WASHINGTON >> Fourteen men were charged with operating an online child exploitation network that investigators said preyed upon hundreds of boys across the United States and overseas, authorities announced Tuesday.

Law enforcement officials said the arrests were part of a worrisome trend in which children are being enticed by adults to post sexually explicit images of themselves that are then shared online. In this case, authorities said, users of an underground network posed online as girls to coerce boys into sharing with them child pornography images.

“These alleged perpetrators preyed upon the most innocent, most vulnerable members of our society with no regard to the immediate or lasting harm they caused to their victims and their families,” Homeland Security Secretary Jeh Johnson said at a news conference.

The investigation, called “Operation Round Table,” was led by the U.S. Immigration and Customs Enforcement, U.S. Postal Inspection Service and federal authorities in Louisiana, where the alleged leader of the operation lives.

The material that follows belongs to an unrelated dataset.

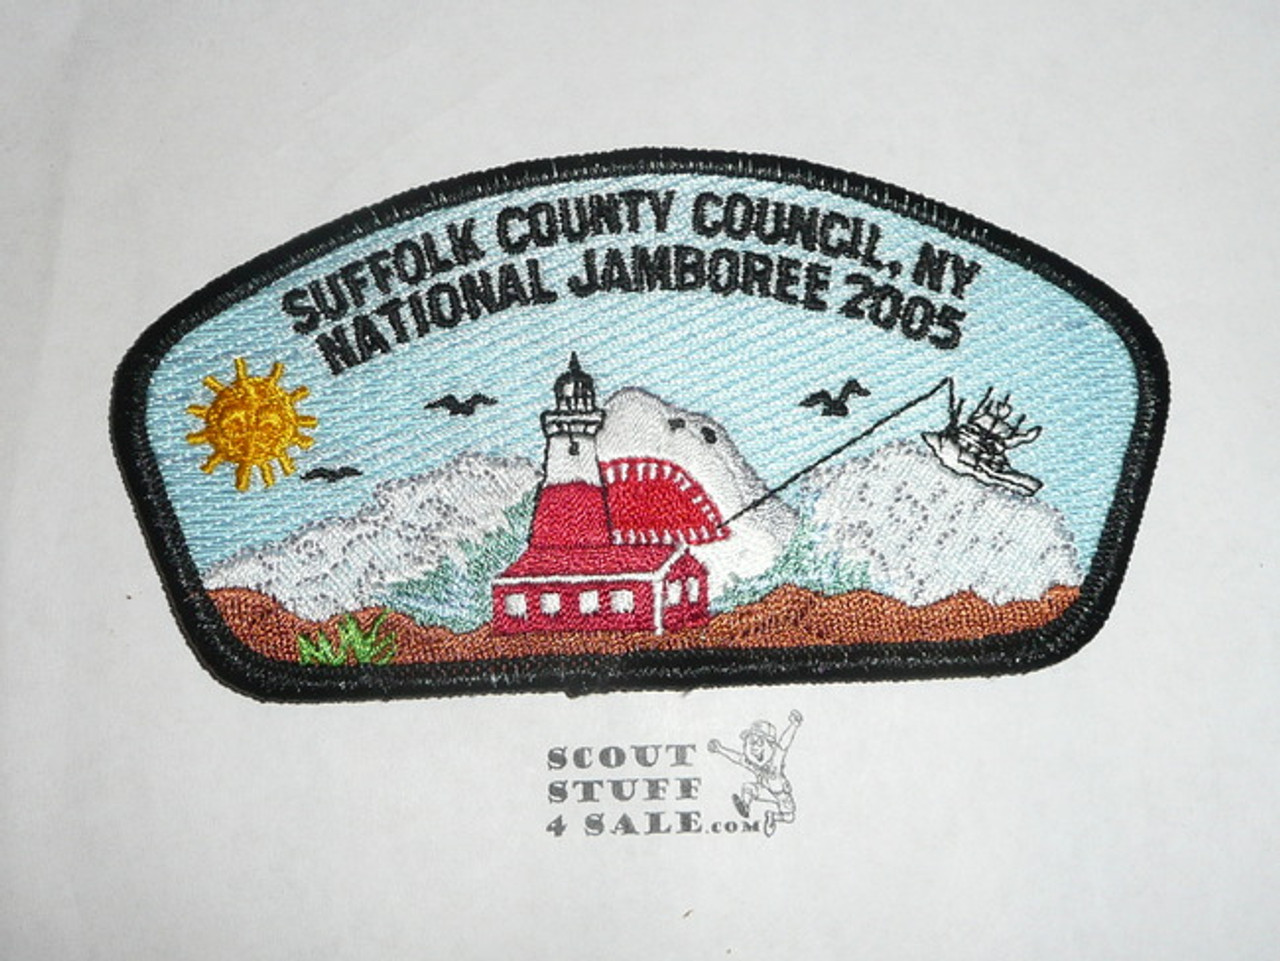 2005 National Jamboree JSP - Suffolk County Council
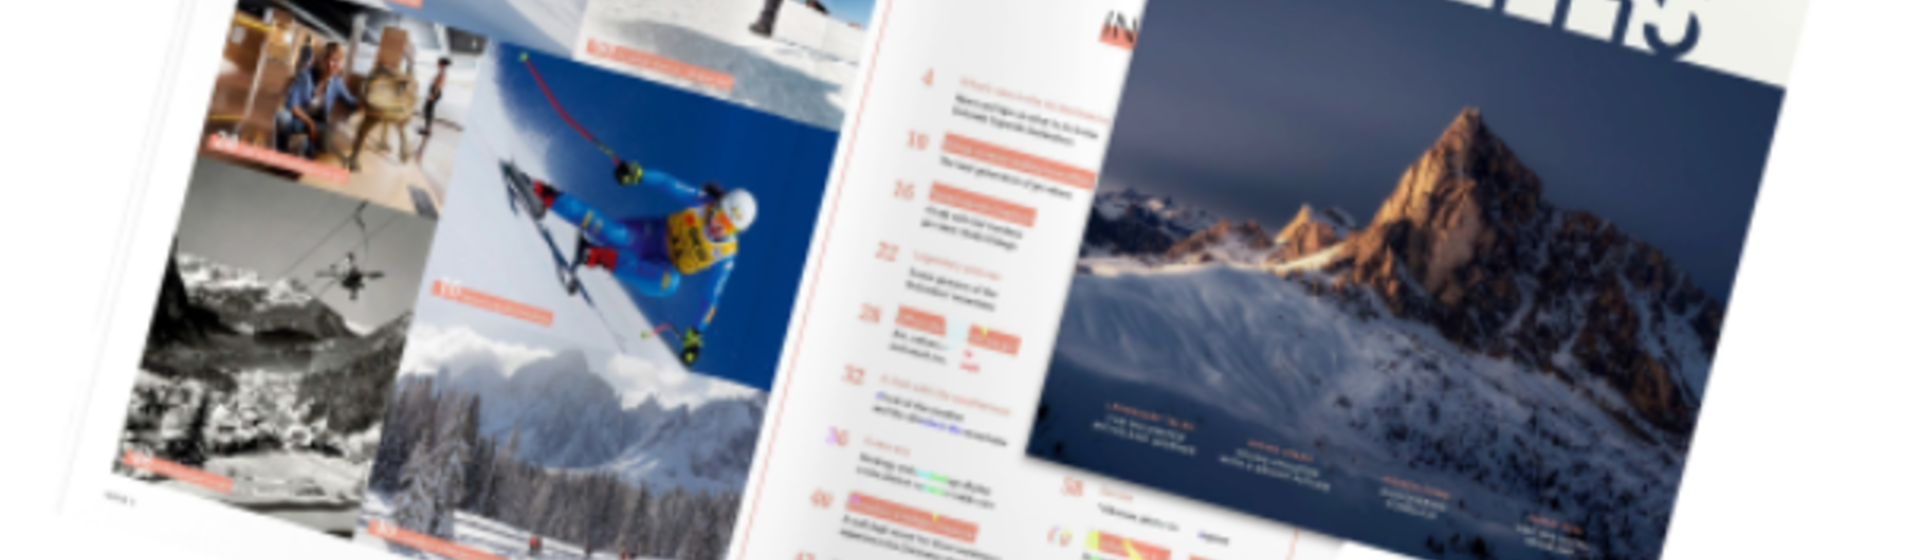 Dolomiti SuperSki winter 2022-23 magazine is ready to read

The roughly 250 victims were spread across 39 states and five other countries — Australia, Belgium, Britain, Canada and New Zealand. Most were boys between 13 and 15. Two victims were 3 or younger, authorities said.

The pornographic images were shared on an underground website on the Tor network, an online anonymity network that masks the location of servers and conceals an Internet user’s location. The subscription-based website operated from about June 2012 until June 2013, had more than 27,000 members and shared more than 2,000 webcam-captured videos, mostly of young boys, authorities said.

Eleven of the 14 men, including the man authorities say was the administrator of the network, are being prosecuted in Louisiana. The other three are being charged in New York, Colorado and Wisconsin.

Authorities accuse Jonathan Johnson, of Abita Springs, La., of being the leader of the operation. They say he admitted creating multiple fake female personas from his home and encouraged others to do the same in an effort to entice boys to produce sexually explicit images of themselves. The 27-year-old also instructed members and uploaders on how to avoid getting caught by law enforcement, prosecutors say.

Online court records show Johnson was charged last month through a criminal information, a document that typically signals a guilty plea is near. A change of plea hearing is scheduled for March 27, according to the records. Johnson has been in custody since his arrest last June and faces from 20 years to life in prison.

A lawyer for Johnson did not immediately return a call seeking comment on Tuesday.